Breading: The breading was nice but not too thick. (Since this is my first post, I should note to my faithful readers that CFT prefers a thicker breading).

Gravy: on the side. This isn’t too common, but maybe it is an East Texas thing. I didn’t really like the gravy much. It was too bland and needed a kick of something to give it some shoulders.

Knife size: small. It was thin enough to use a standard knife. Despite her east Texas location, leave the Bowie knife at home.

Sides: the dish came with two – I had cole slaw and corn (off the cob). The cole slaw was really bland and needed a shot of vinegar and a little more creaminess to make it stick to CFT’s ribs. The corn was simply great – it was probably canned (too perfectly cut to be fresh) but had a great flavor. There were hints of bacon and red peppers. The tater tot loved it, and if you can get a tot to eat corn, you know you’re doing something right. Mrs. CFT had French fries, which were very well seasoned, hot and fresh.

Cost: About $10.00 (including two sides and a drink). A little on the high side, but fame has it’s price.

The service was a bit sub par. There was confusion at the front of the house (felt like the very nice woman taking our orders was new). The twice-baked potato ordered for the tot never arrived.
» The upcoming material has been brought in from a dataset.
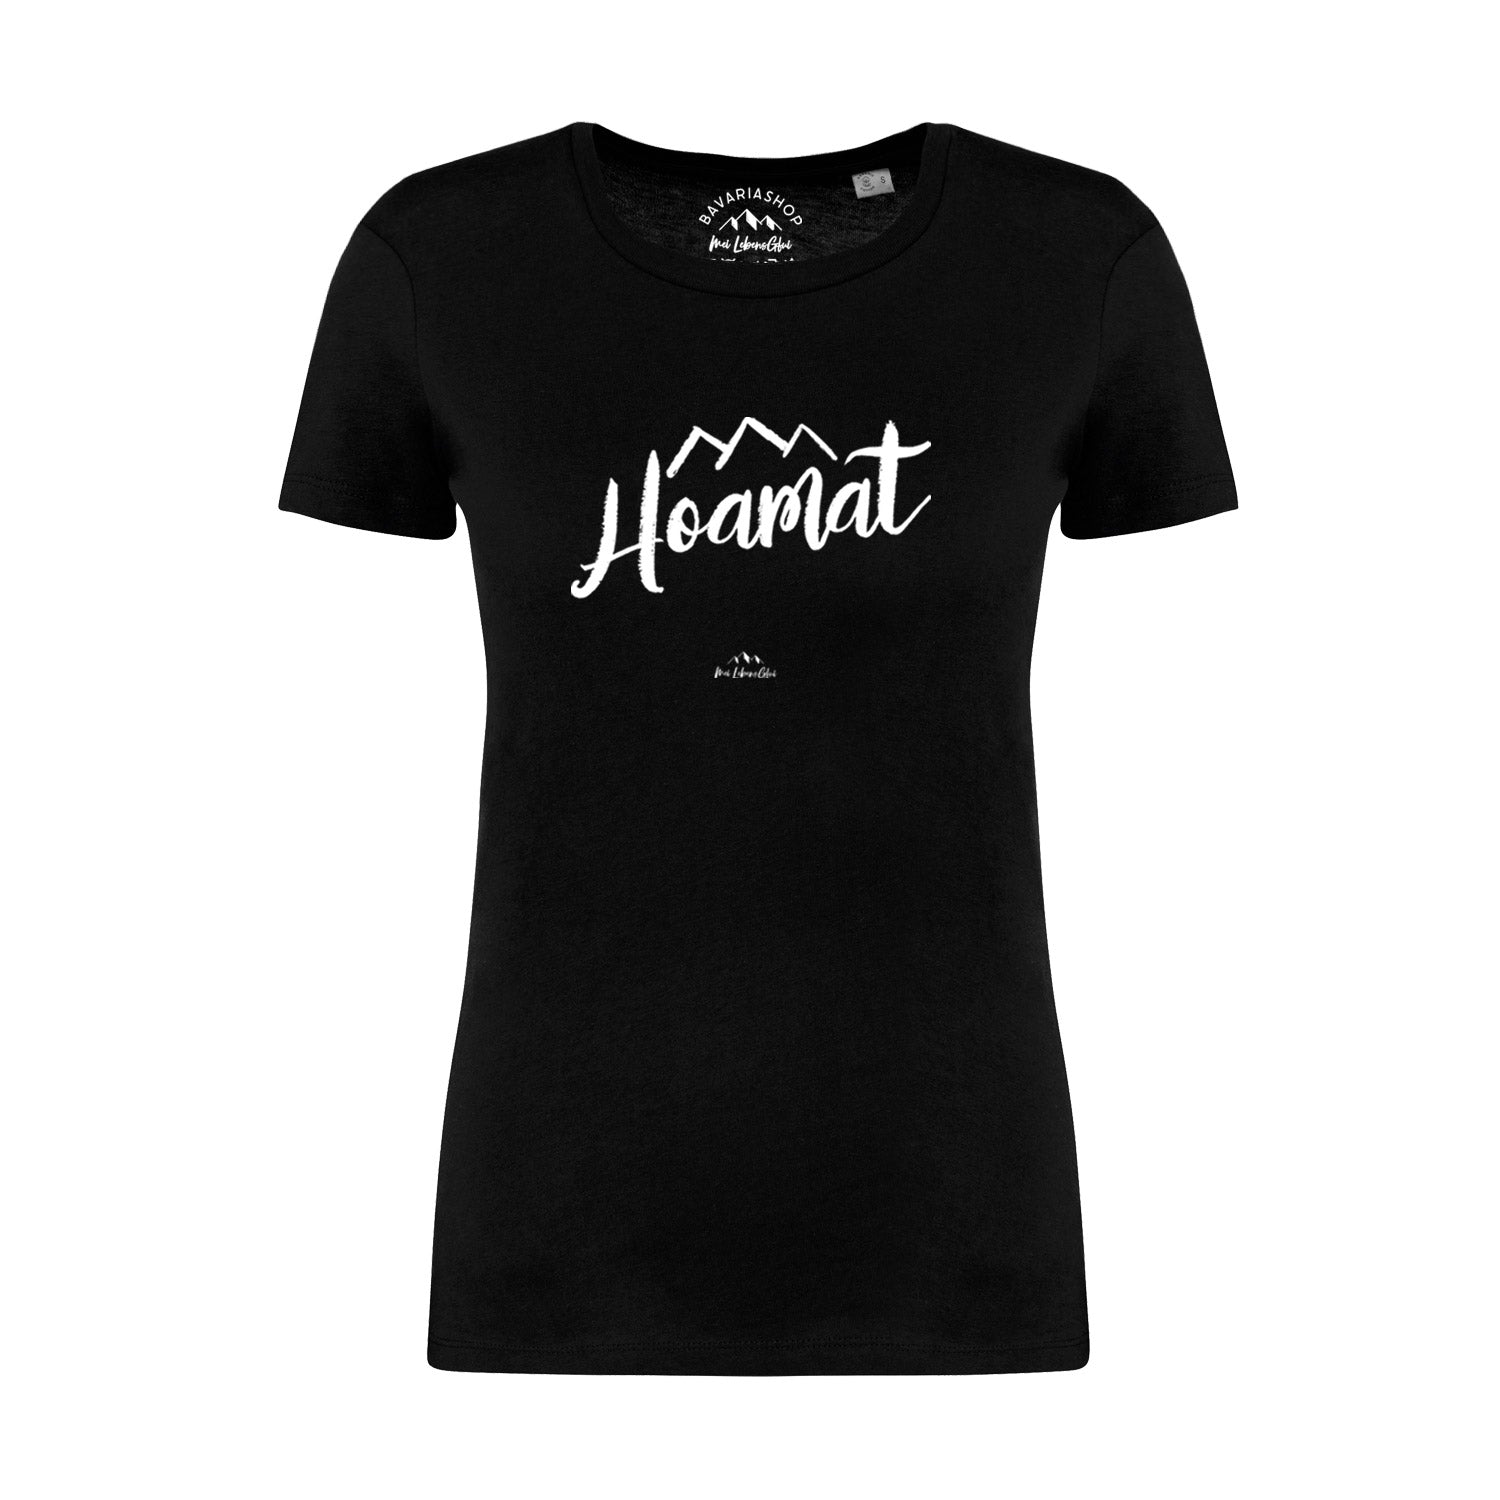 Damen T-Shirt "Hoamat"

CFT’s CFS took an extra five minutes to arrive (the cook missed it: good news in a way because it was clearly made to order). But, despite these slips, the staff couldn’t have been nicer and more welcoming – it really felt like a neighborhood joint where you could get comfortable, with no hint of arrogance, despite the coronation from Texas Monthly as barbeque royalty.

Music selection: oldies.

Overall, a nice place and an enjoyable visit. But, as far as the chicken fried side goes, stick to barbeque at Willy Ray’s.